Молодой служка захватил в горсть прядь ее волос, провел по ним бритвой, и женщина увидела, как они, блестящие и шелковистые, упали на пол. В первый раз она увидела свои волосы такими, какими их видели со стороны. Вскоре у ее ног выросла куча остриженных локонов.
Потом бритва коснулась кожи на голове, и Мария поежилась от этого холодящего прикосновения. А потом снова — от непривычного соприкосновения воздуха с бритой головой.
— Теперь собери это и поднеси Господу, — сказал Ханина. Наклонившись, Мария собрала с пола остриженные волосы и передала их раввину, который направился туда, где полыхал жертвенный огонь. Но жечь не стал.
— Пока достаточно и твоего искреннего намерения, — заявил рабби. — Оставшуюся часть церемонии я завершу вечером, когда здесь никого не будет, потому что горящие волосы оставляют очень неприятный запах. Ну а теперь… — Он подошел к ней поближе. — Ты готова?
— Всей душой, — сказала Мария.
— Масло! — коротко распорядился раввин, подав знак помощнику.
Раввину вручили маленькую бутылочку масла, и он вынул пробку.
— Это священное масло, подобное тому, которое используется в храме. Оно добывается из оливок, собранных в священной роще, сотни лет растущей возле Иерусалима. Согласно преданию, этот сад заложил сам Соломон. Благовония!
Служка поставил на пол глиняную курильницу.

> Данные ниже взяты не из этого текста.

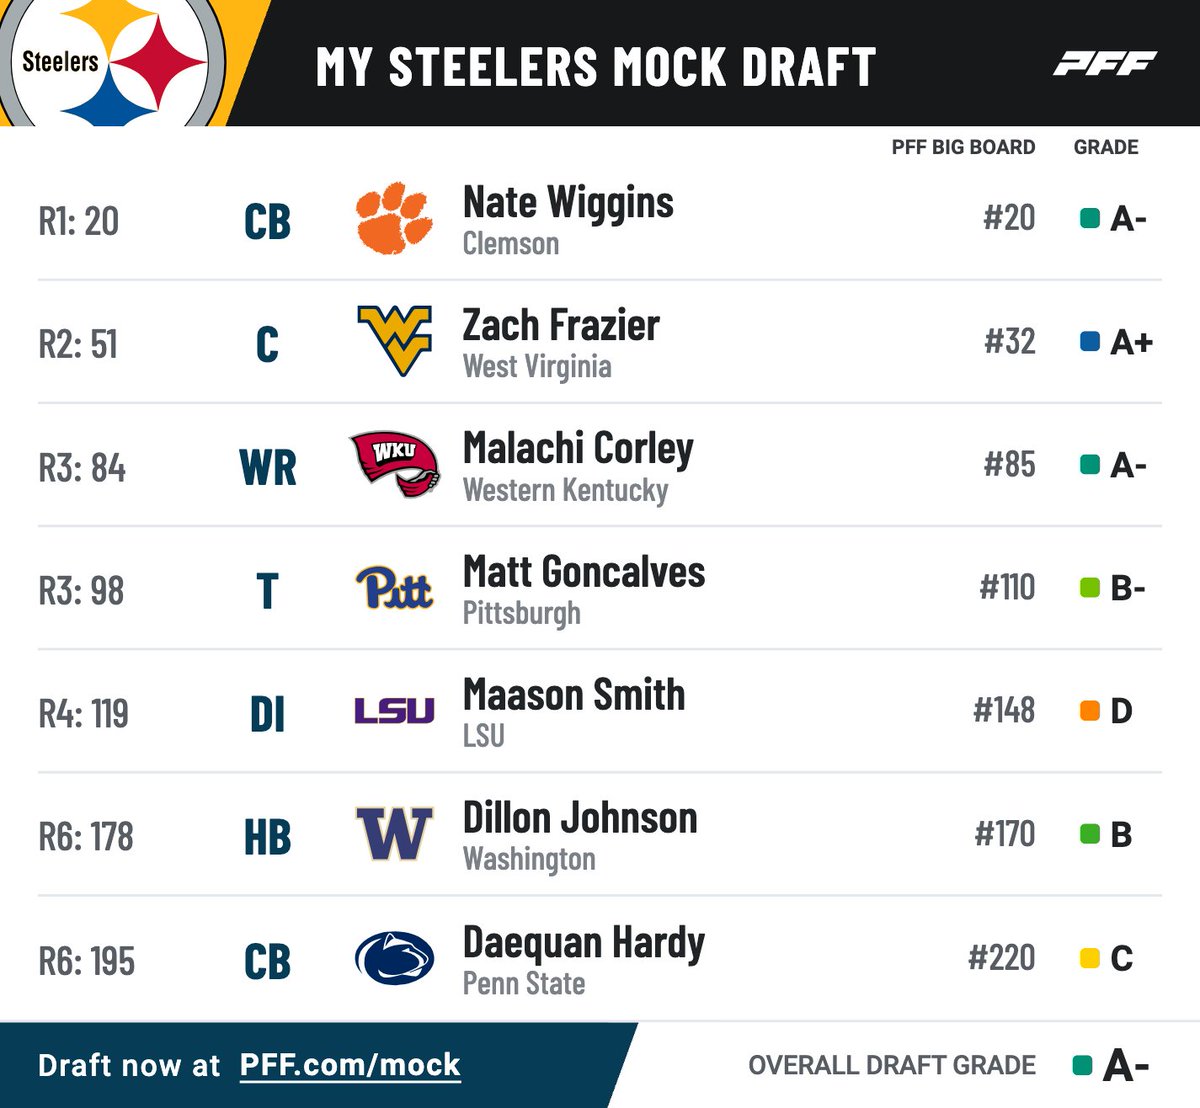 A different idea with the Steelers going CB with the 20th overall pick but wouldn't be mad if the draft went this way.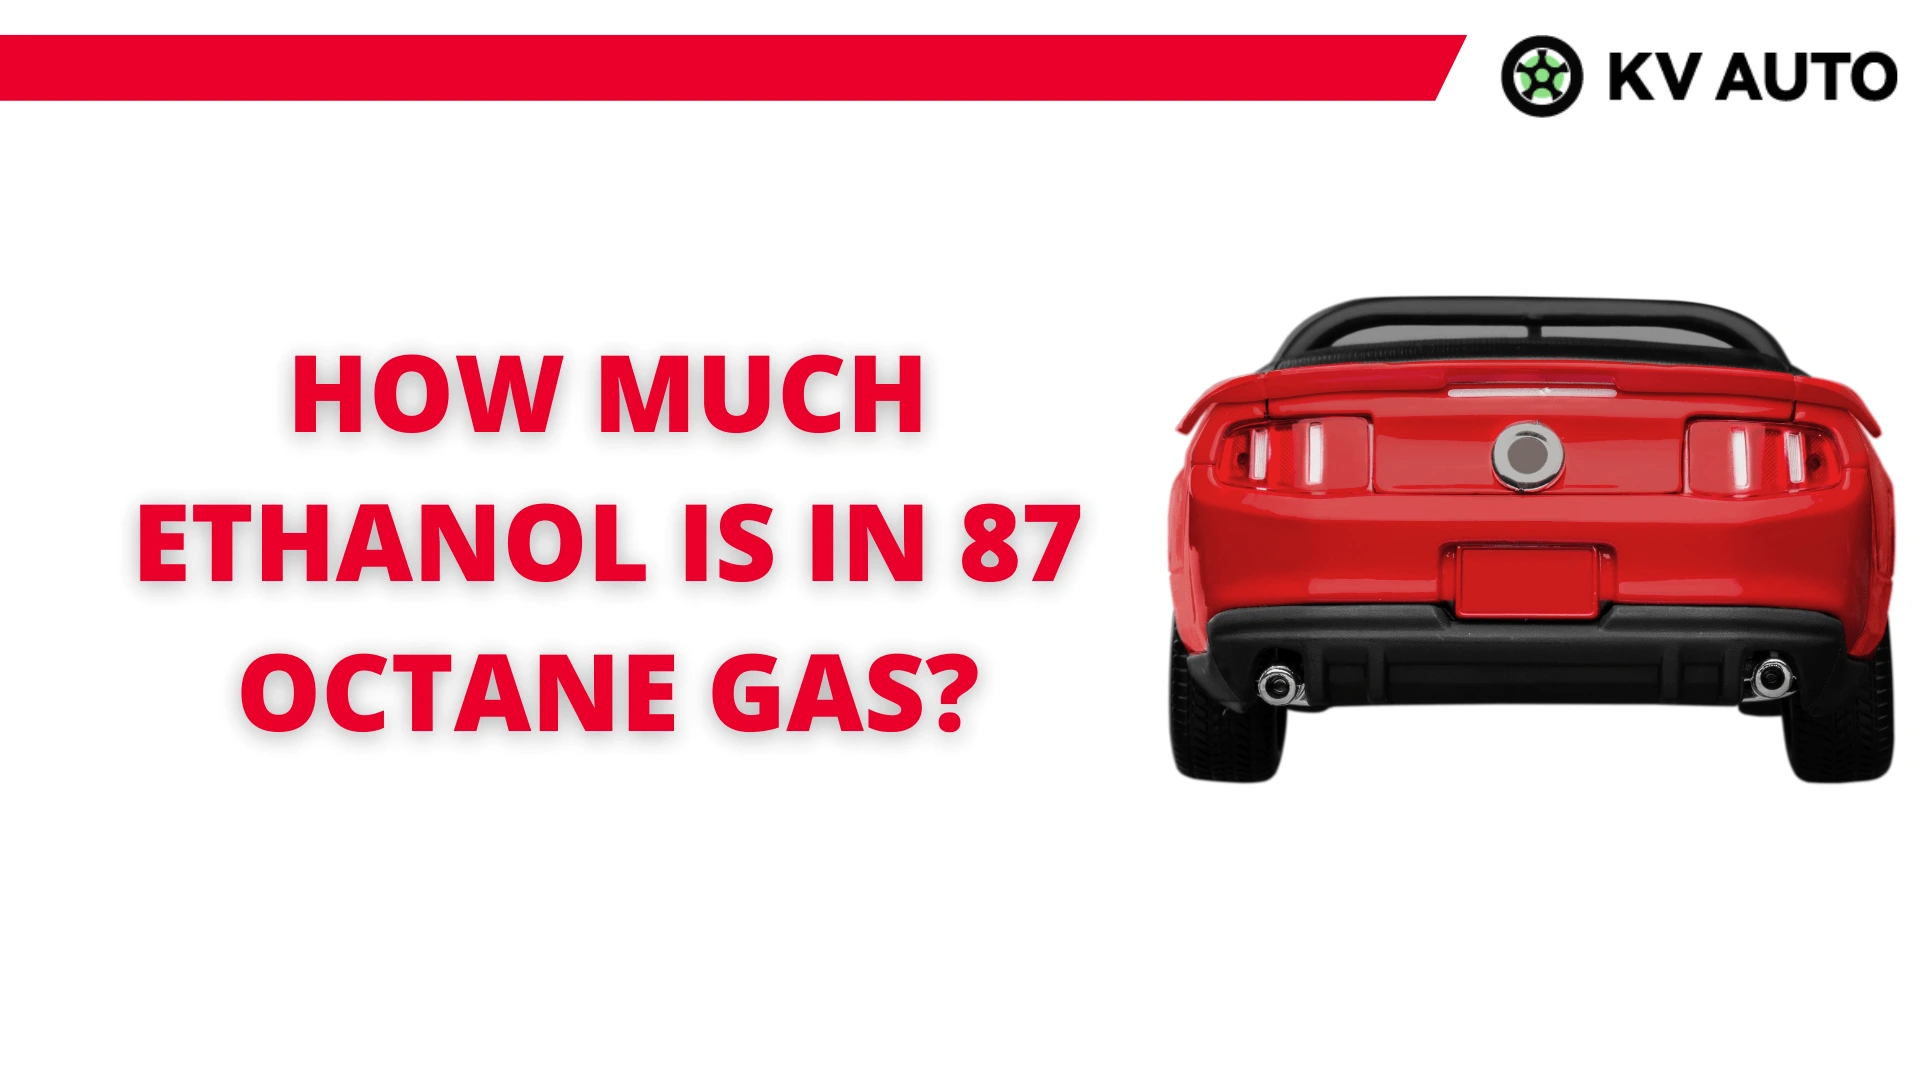 How Much Ethanol is in 87 Octane Gas? Let's See

— Это ладан, его тоже используют в храме при совершении многих обрядов, — пояснил Ханина, возжигая курильницу. Потом он добавил к дымящемуся веществу щепотку соли. — Правда, курить чистый ладан, в отличие от храма, нам запрещено, и мы сдабриваем его солью. И состав нашего масла отличается от того, которое используется для помазания. Но оно тоже священное.
Когда над курильницей заклубился дымок, Мария, за месяц поста ослабевшая от голода, почувствовала головокружение. Раввин Ханина торжественно нанес масляный след на ее лоб и макушку.
— Дочь моя, у тебя есть чем прикрыть голову? — доброжелательно осведомился он, понимая, какую неловкость может ощущать на людях обритая наголо женщина.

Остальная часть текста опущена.